▶ DATA PROVIDED
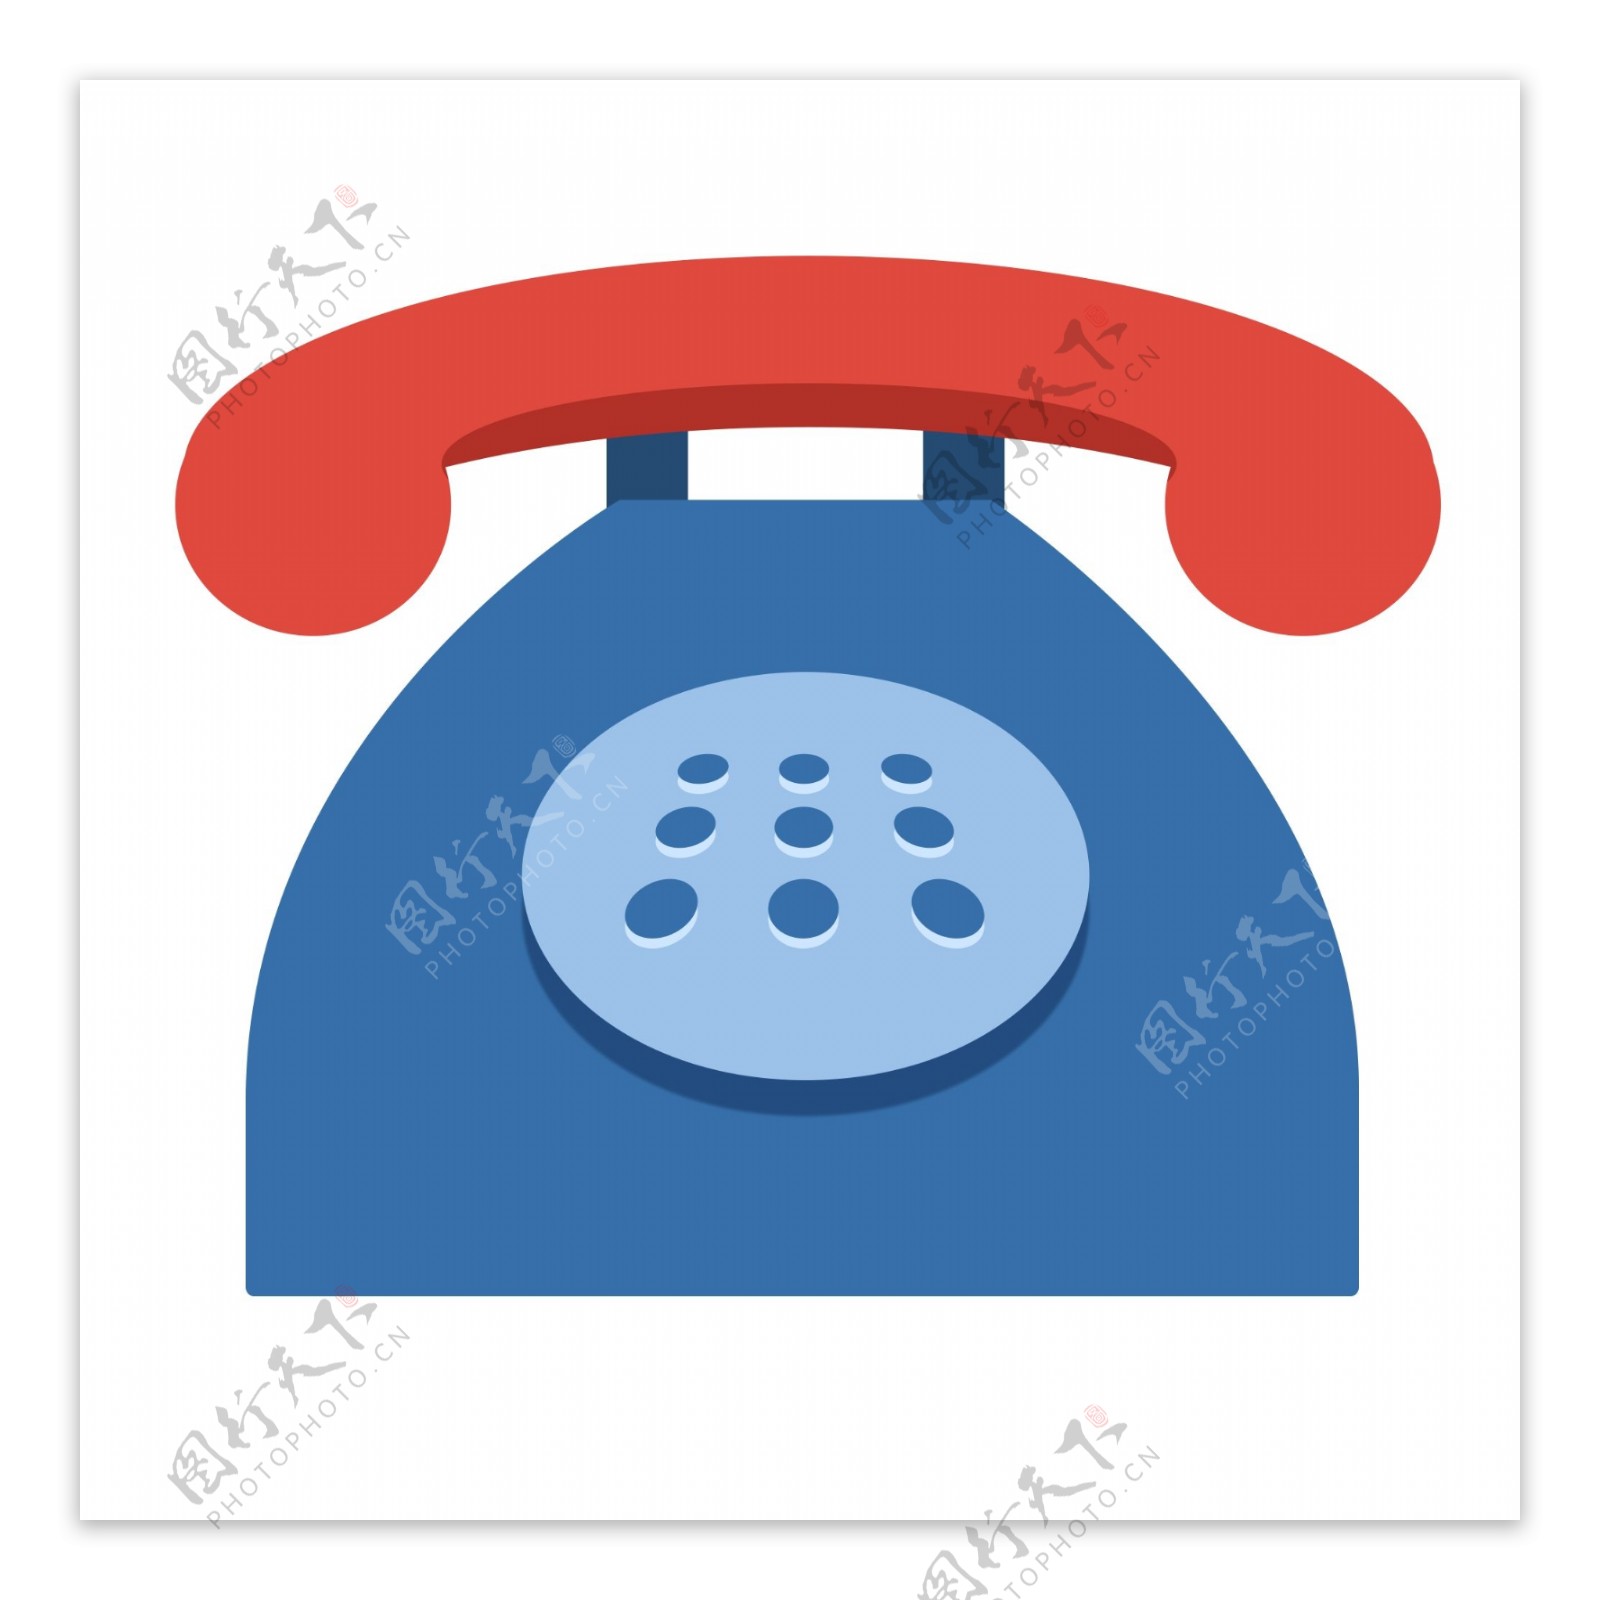 红蓝色的复古电话机
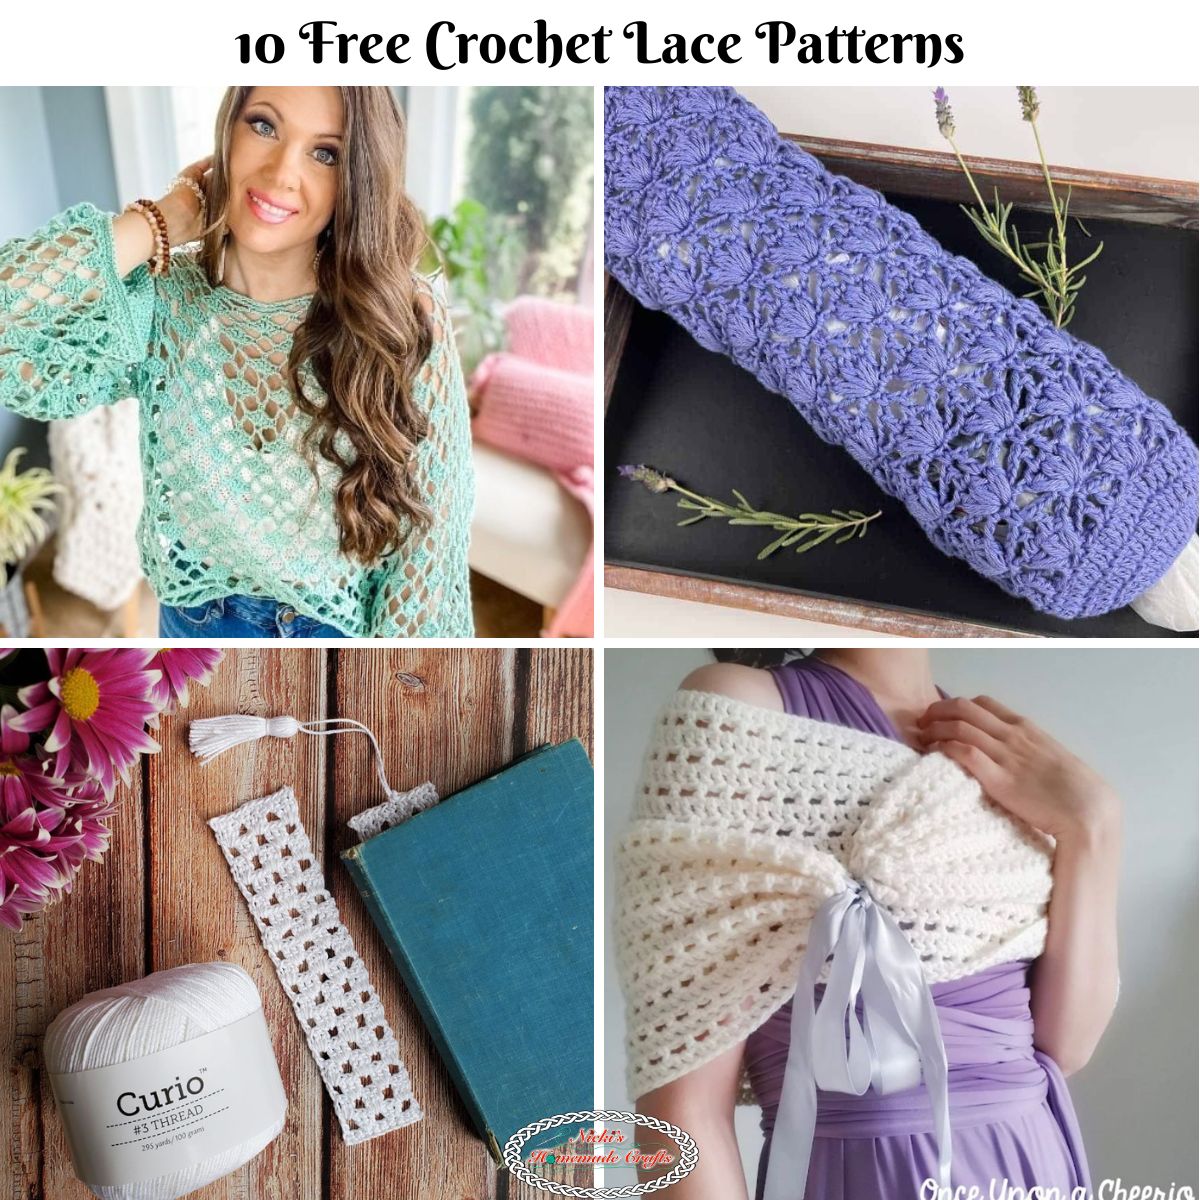 10 Beautiful Free Crochet Lace Patterns - Nicki's Homemade Crafts
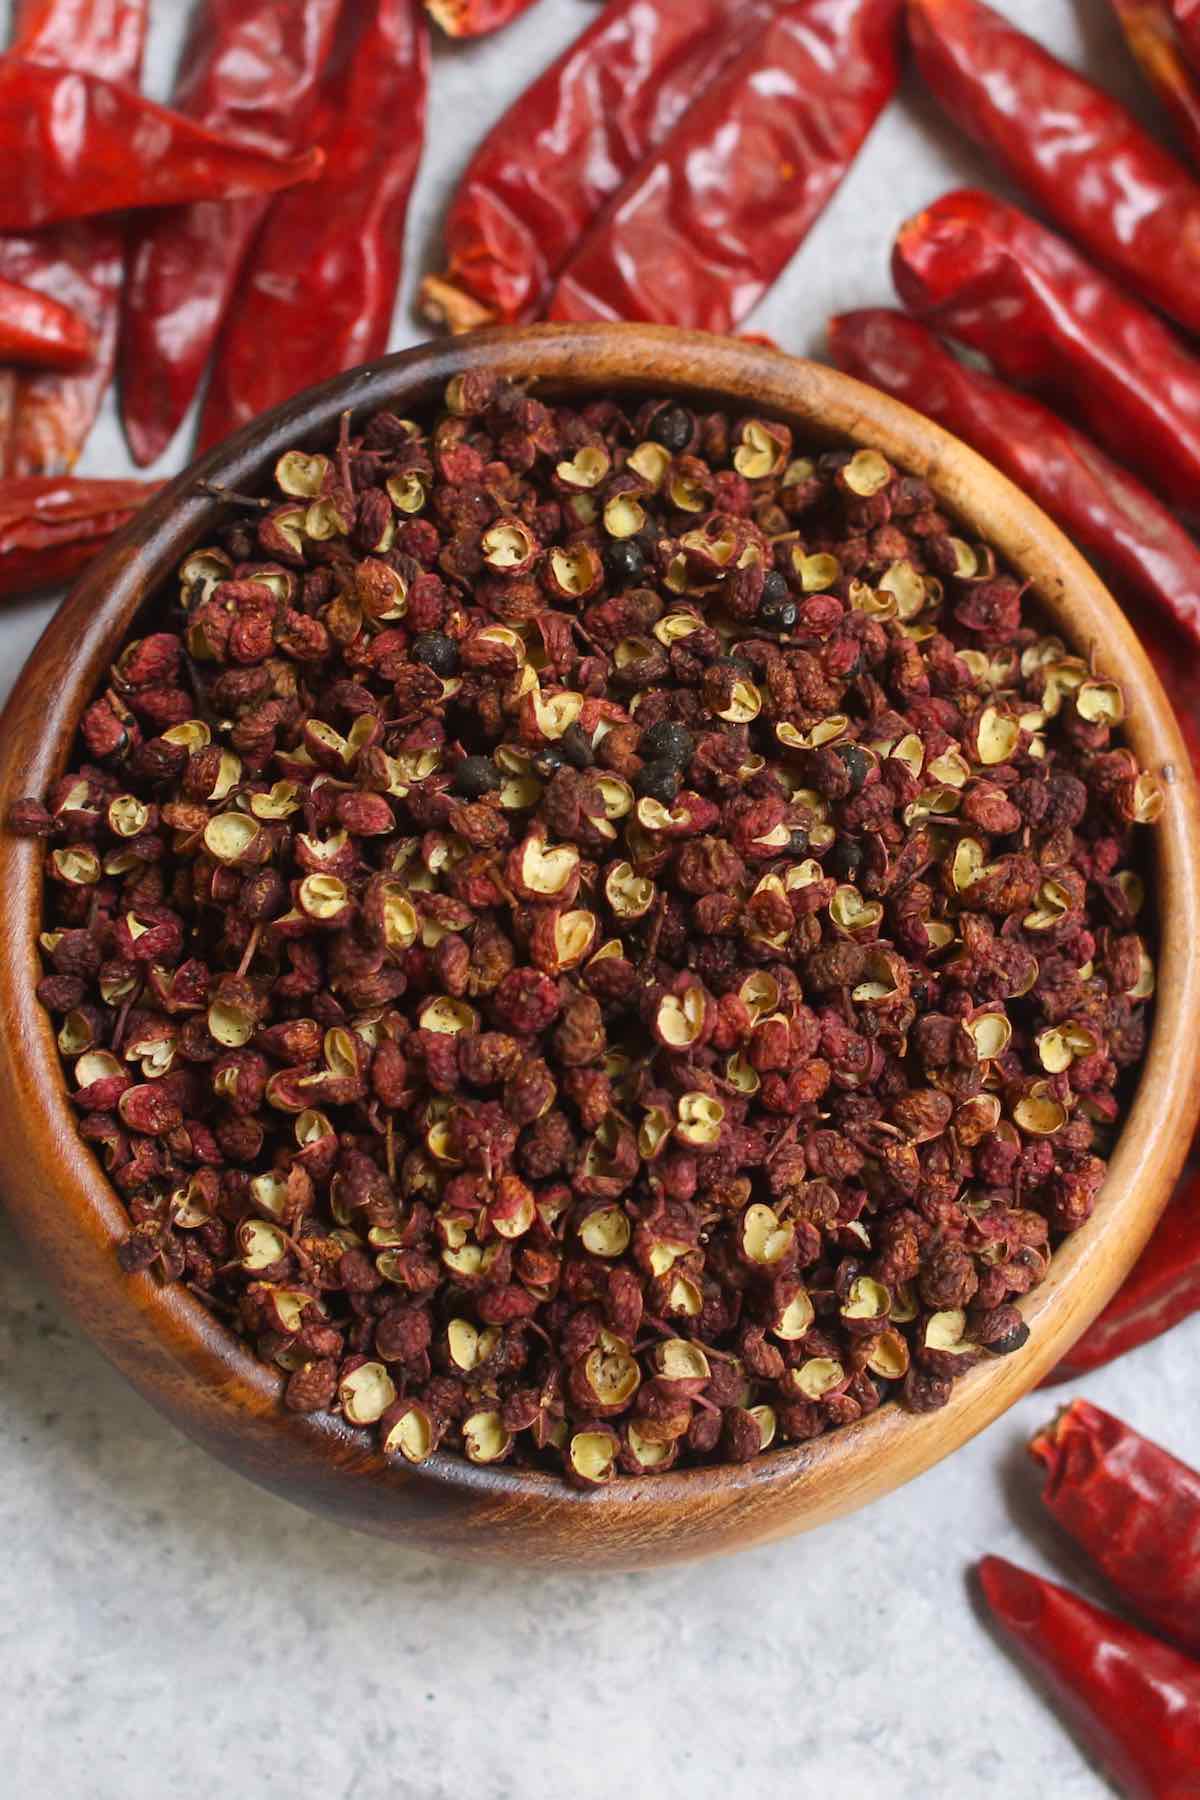 Szechuan peppercorns in a wooden bowl.

▶ WHAT YOU NEED TO DO
Return the listing unchanged except for the pictures, which should be dropped.

▶ RESPONSE AREA
 红蓝色的复古电话机
 10 Beautiful Free Crochet Lace Patterns - Nicki's Homemade Crafts
 Szechuan peppercorns in a wooden bowl.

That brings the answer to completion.